INFORMATION SHOWN START

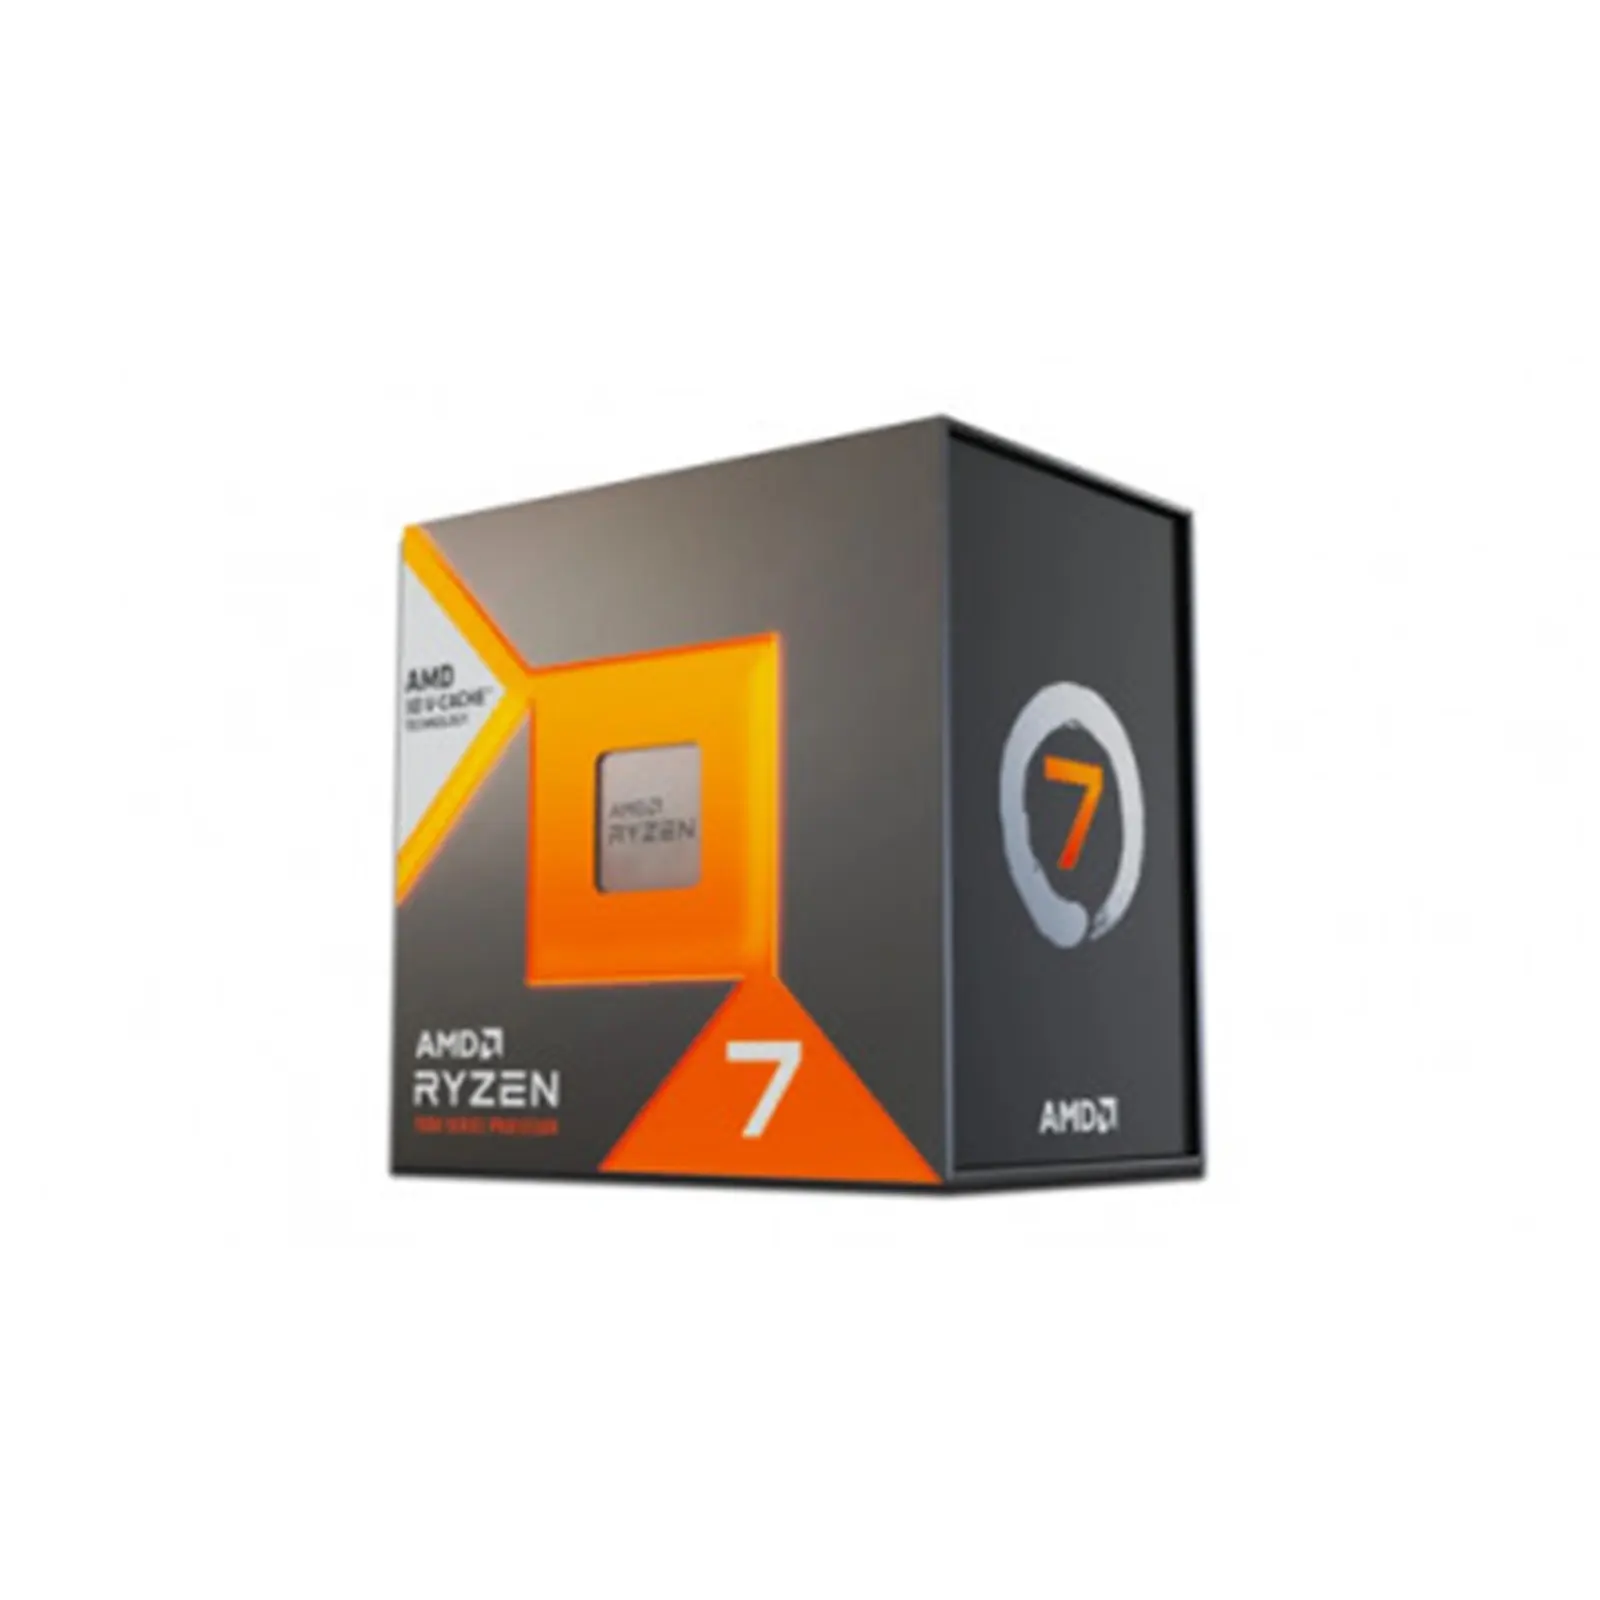 AMD Ryzen 7 7800X3D 4.2GHz AM5 Processor, 16 Threads, 5.0GHz
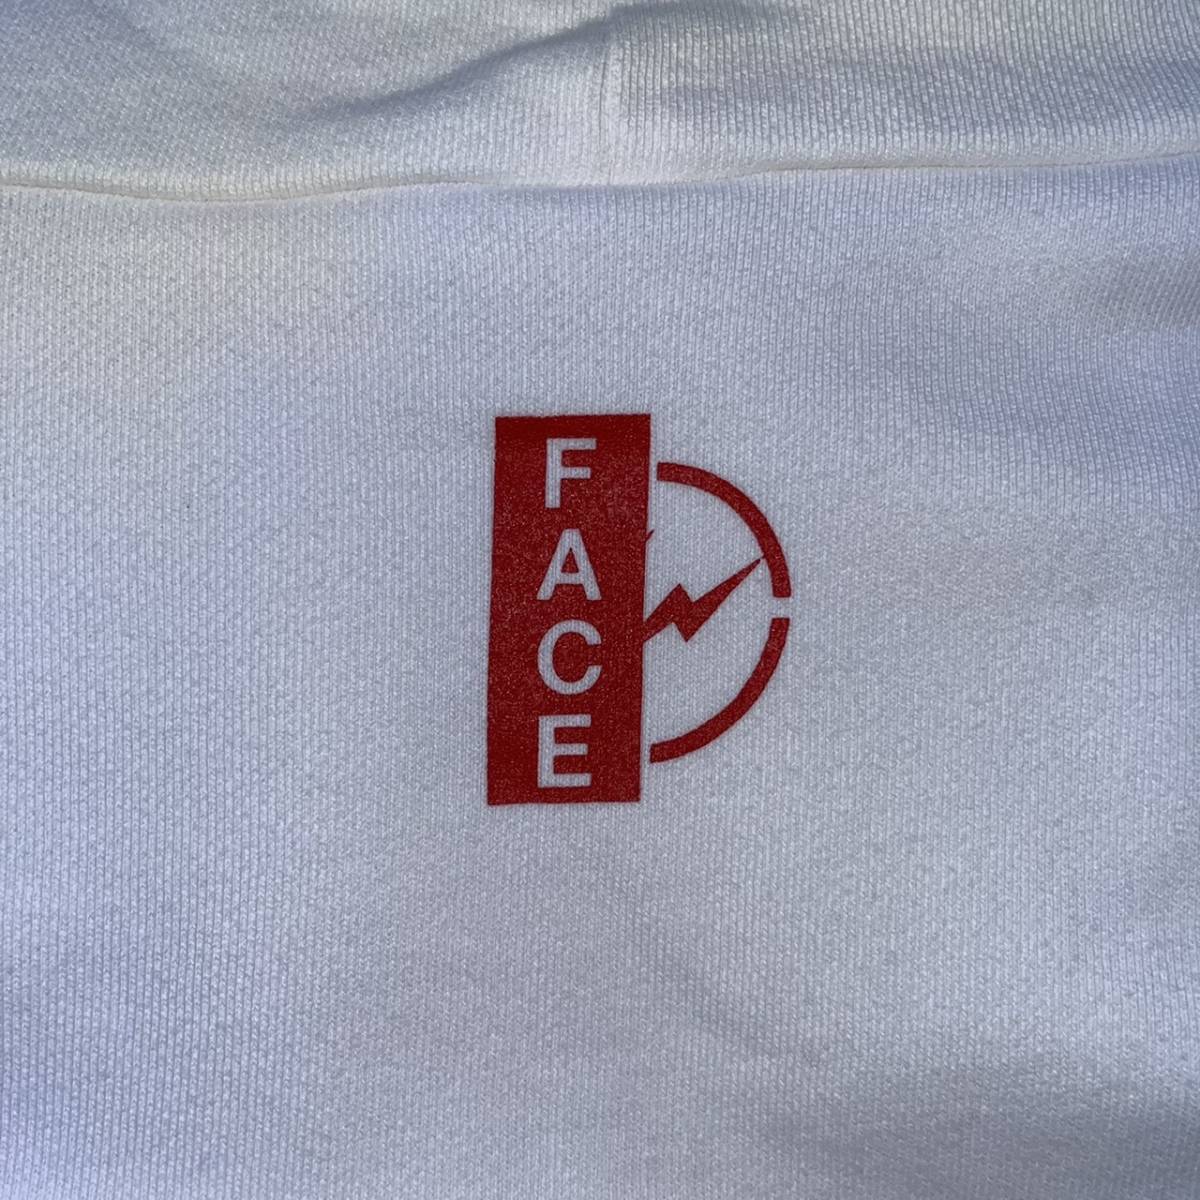 新品 FACETASM ファセッタズム × THE CONVENI ザコンビニ Lサイズ ロゴ パーカー フーディ ホワイト
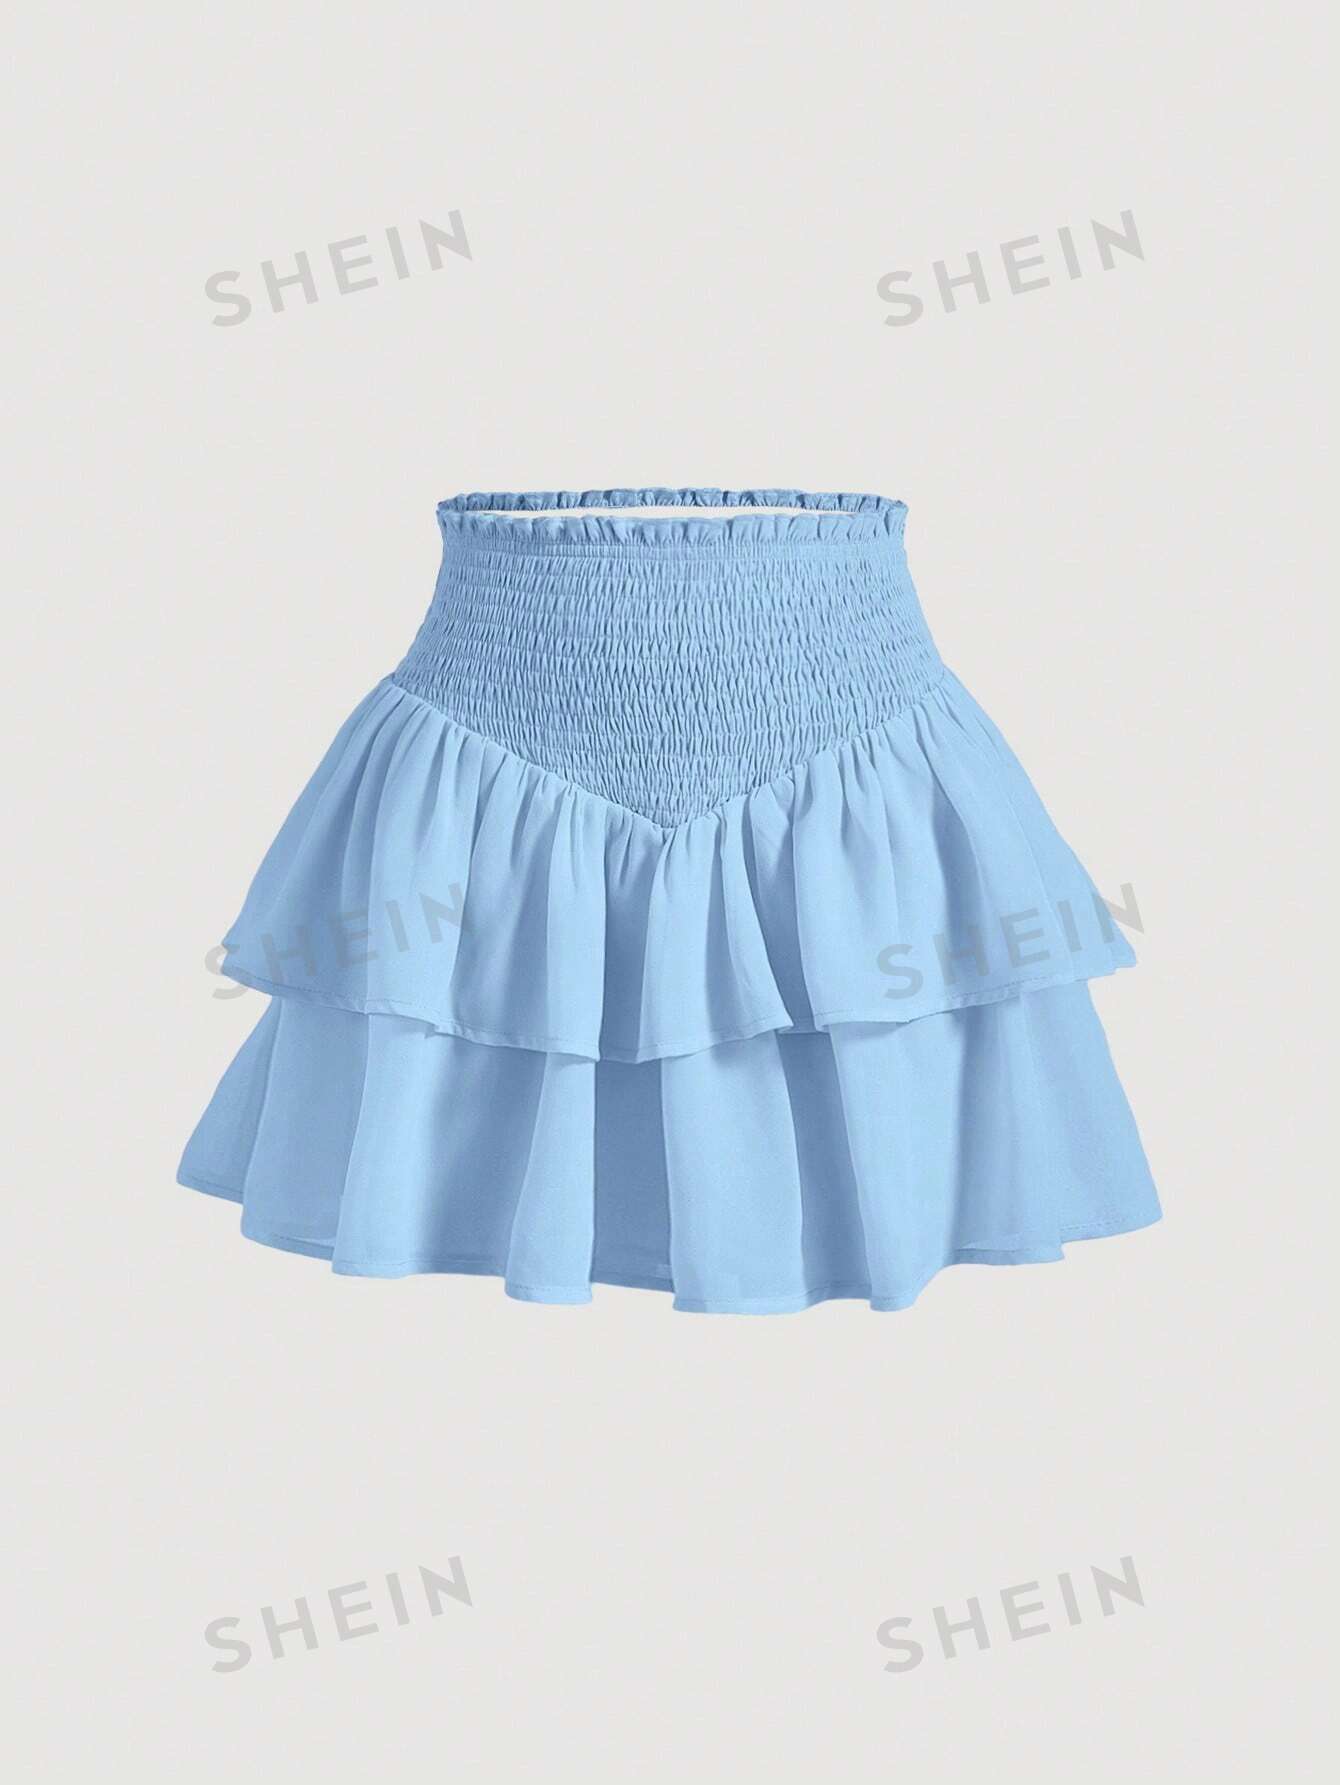 SHEIN MOD SHEIN MOD женская двухслойная мини-юбка с асимметричным подолом и рюшами и присборенной талией, голубые shein mod белая кружевная декорированная асимметричная юбка с рюшами по подолу белый

INFORMATION SHOWN END

• WORK REQUEST:
The lines from the one containing "新品 FACETASM ファセッタズム" up to and including the last line of the material above are to be given again exactly; any pictures are dropped.

• PROBLEM SOLUTION:
 新品 FACETASM ファセッタズム × THE CONVENI ザコンビニ Lサイズ ロゴ パーカー フーディ ホワイト
 SHEIN MOD SHEIN MOD женская двухслойная мини-юбка с асимметричным подолом и рюшами и присборенной талией, голубые shein mod белая кружевная декорированная асимметричная юбка с рюшами по подолу белый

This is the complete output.